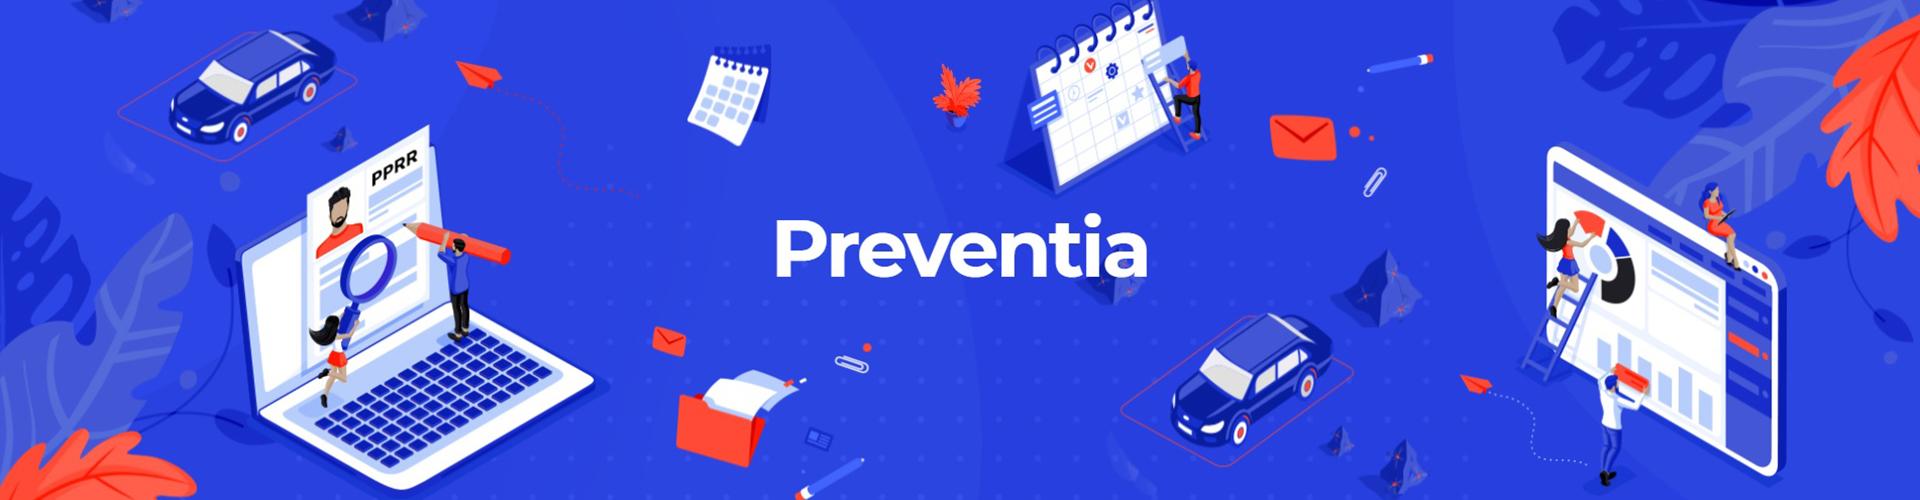 plan-prevention-risque-routier-verneco-environnement
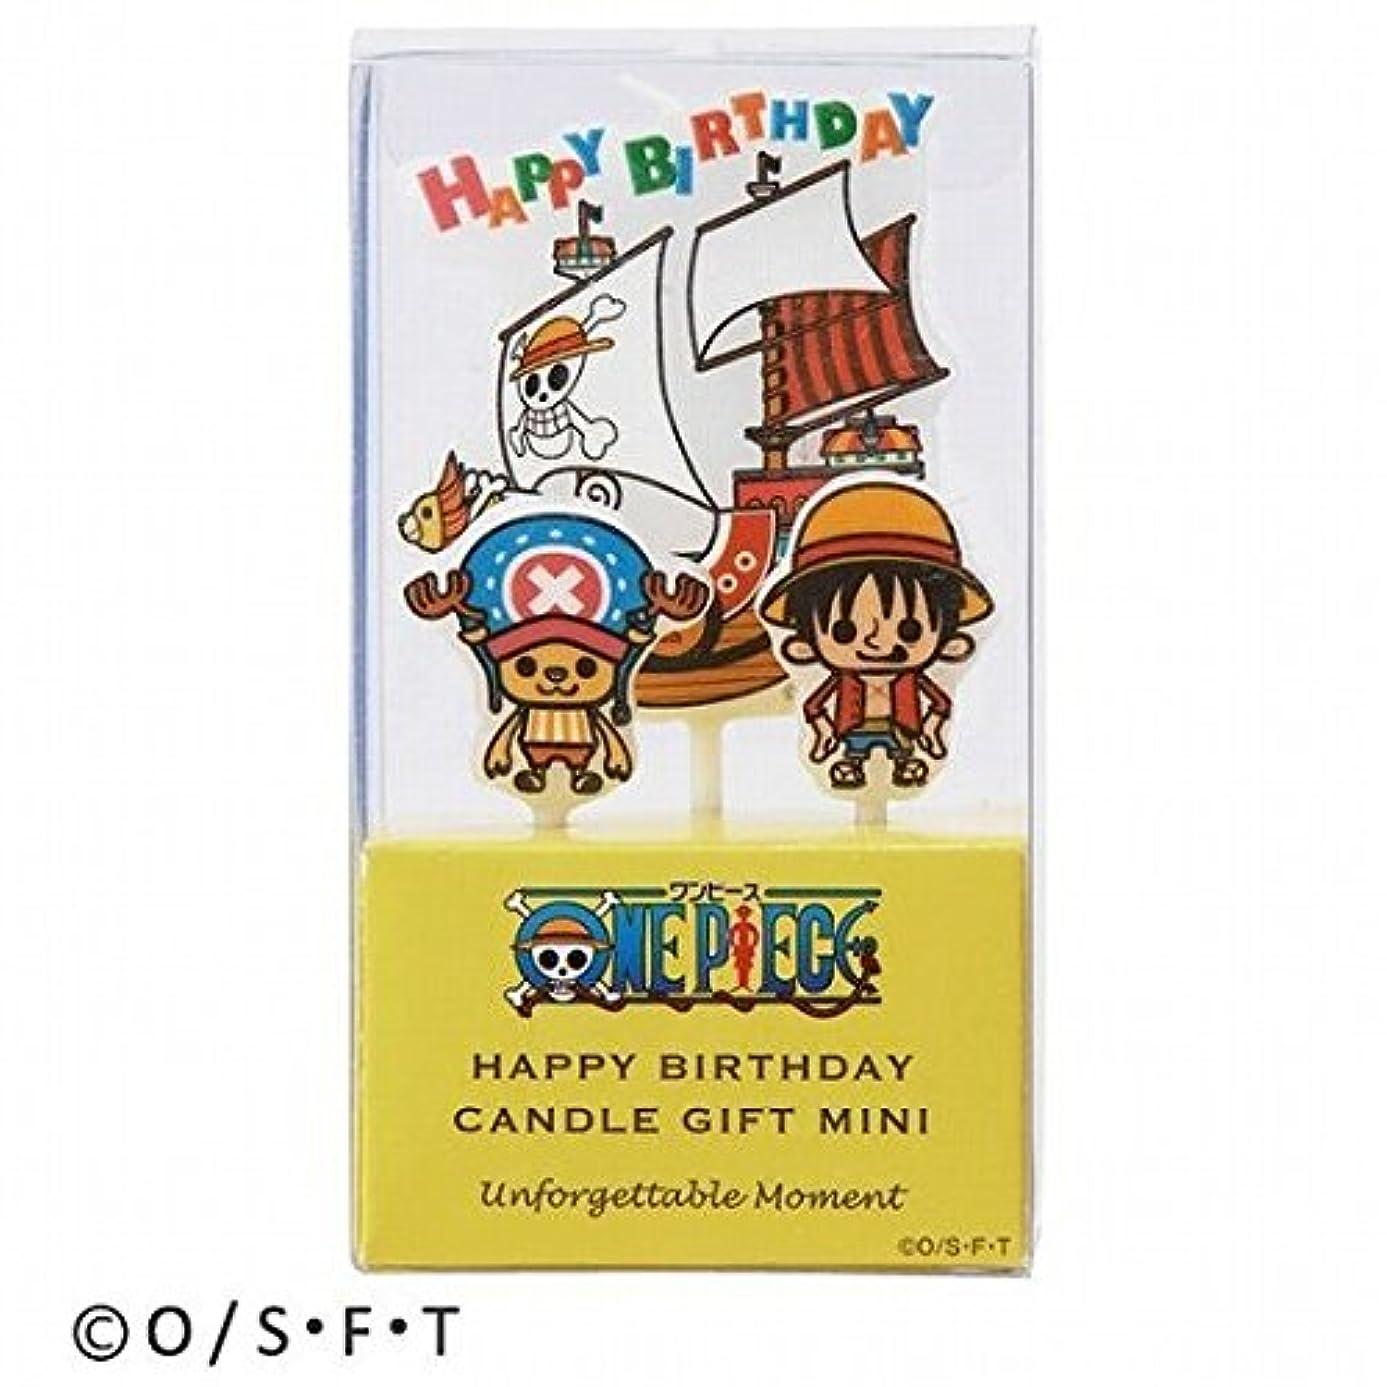 船外怖い思われるkameyama candle(カメヤマキャンドル) ワンピースキャンドルギフトミニ 「 ハッピーバースデー 」(55360010)
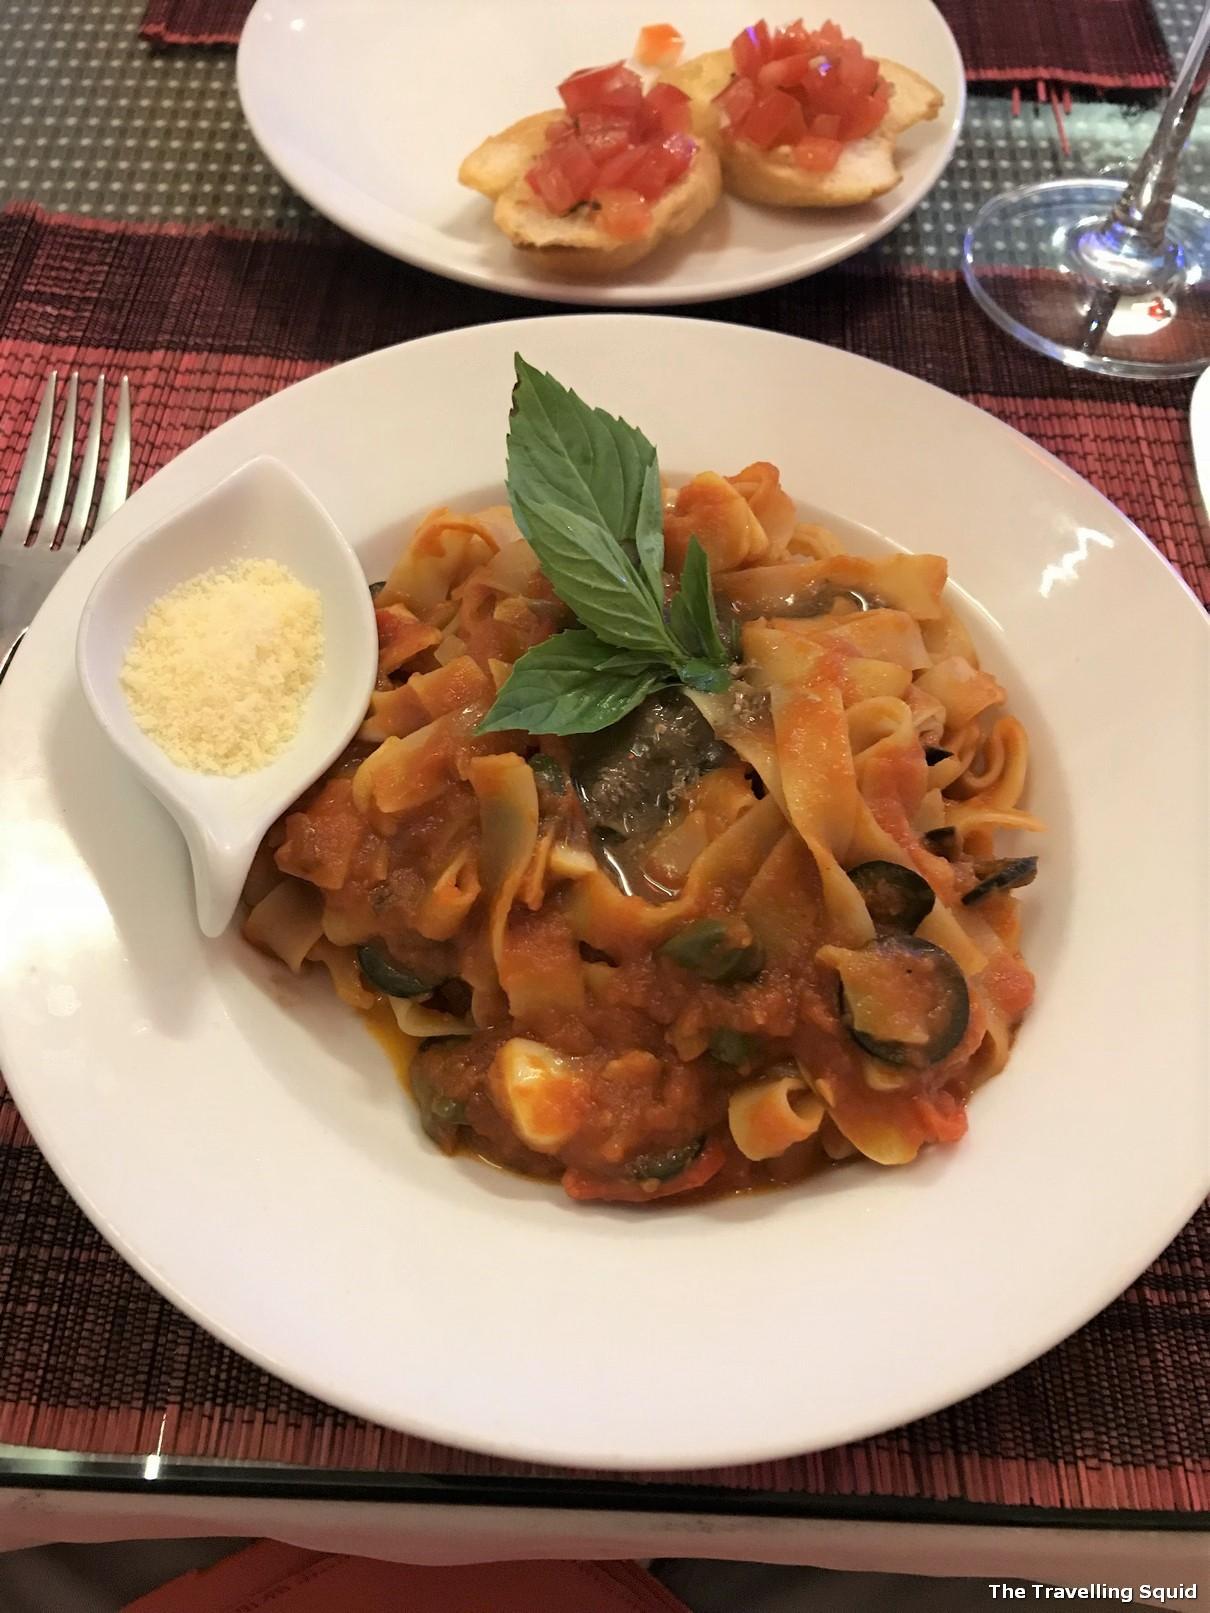 risotto restaurant hue vietnam tomato pasta
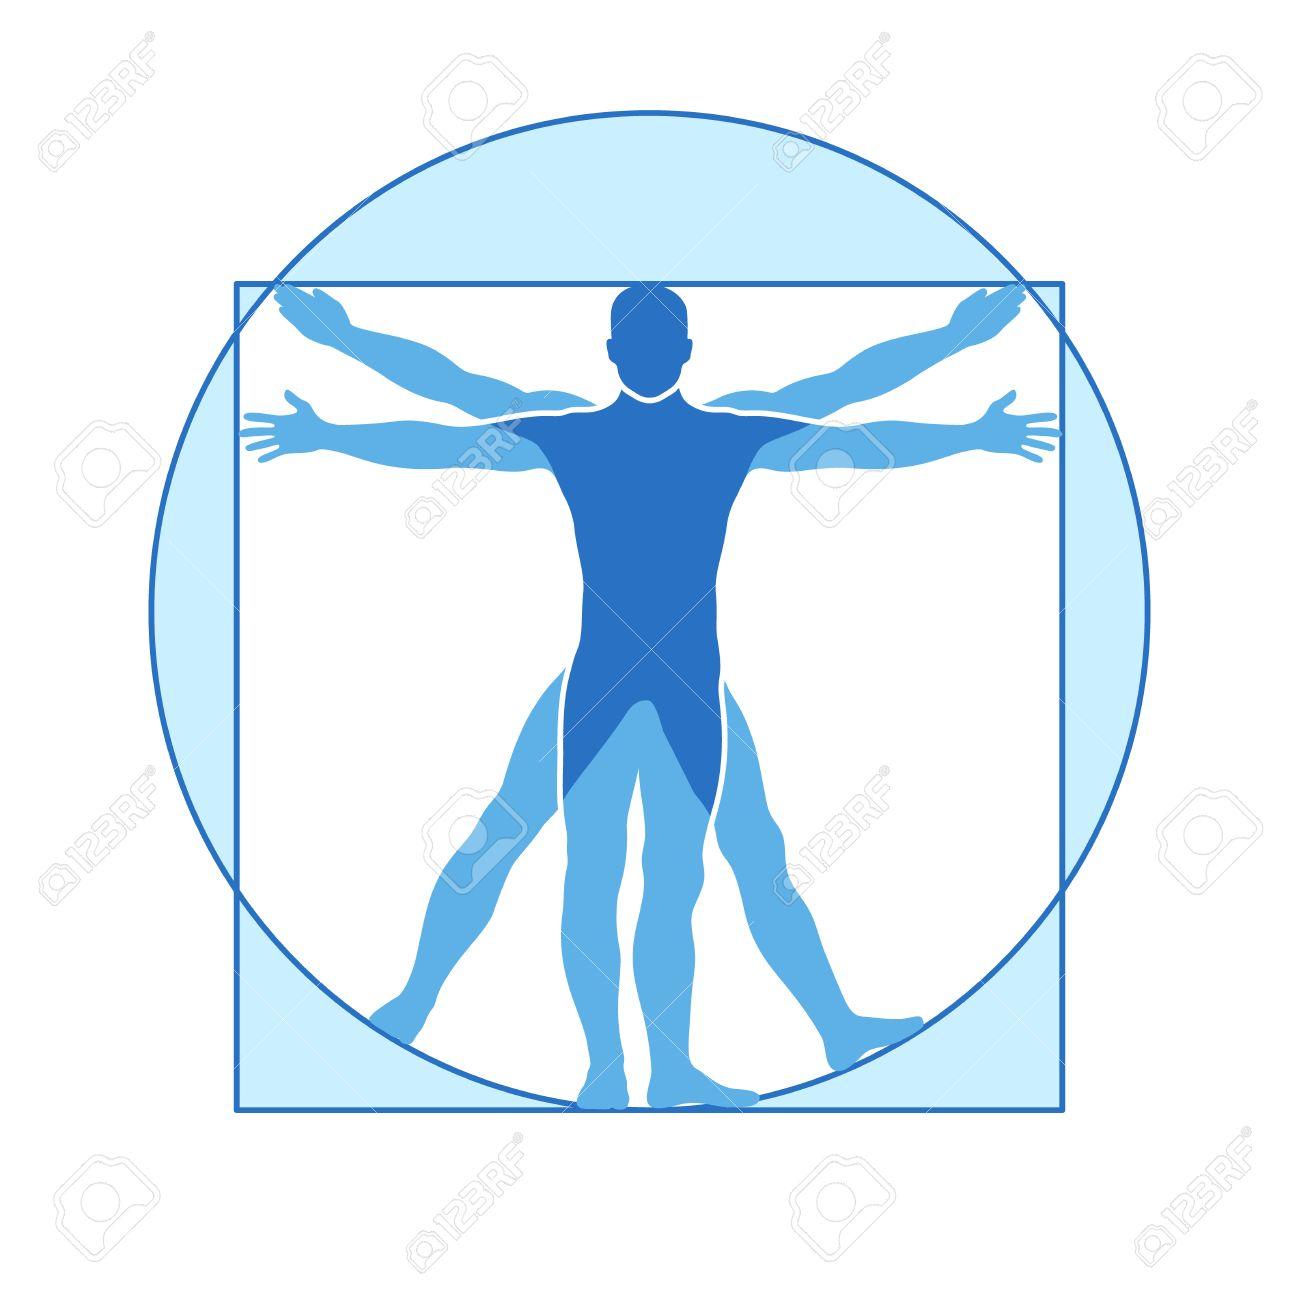 Der Menschliche Körper Vektor-Symbol Von Vitruvian Mann. Berühmte ...
____________
> **WHAT THE EXERCISE ASKS**
Repeat the data above word for word, without pictures.

> **RESPONSE AREA**
 plan-prevention-risque-routier-verneco-environnement
 船外怖い思われるkameyama candle(カメヤマキャンドル) ワンピースキャンドルギフトミニ 「 ハッピーバースデー 」(55360010)
 risotto restaurant hue vietnam tomato pasta
 Der Menschliche Körper Vektor-Symbol Von Vitruvian Mann. Berühmte ...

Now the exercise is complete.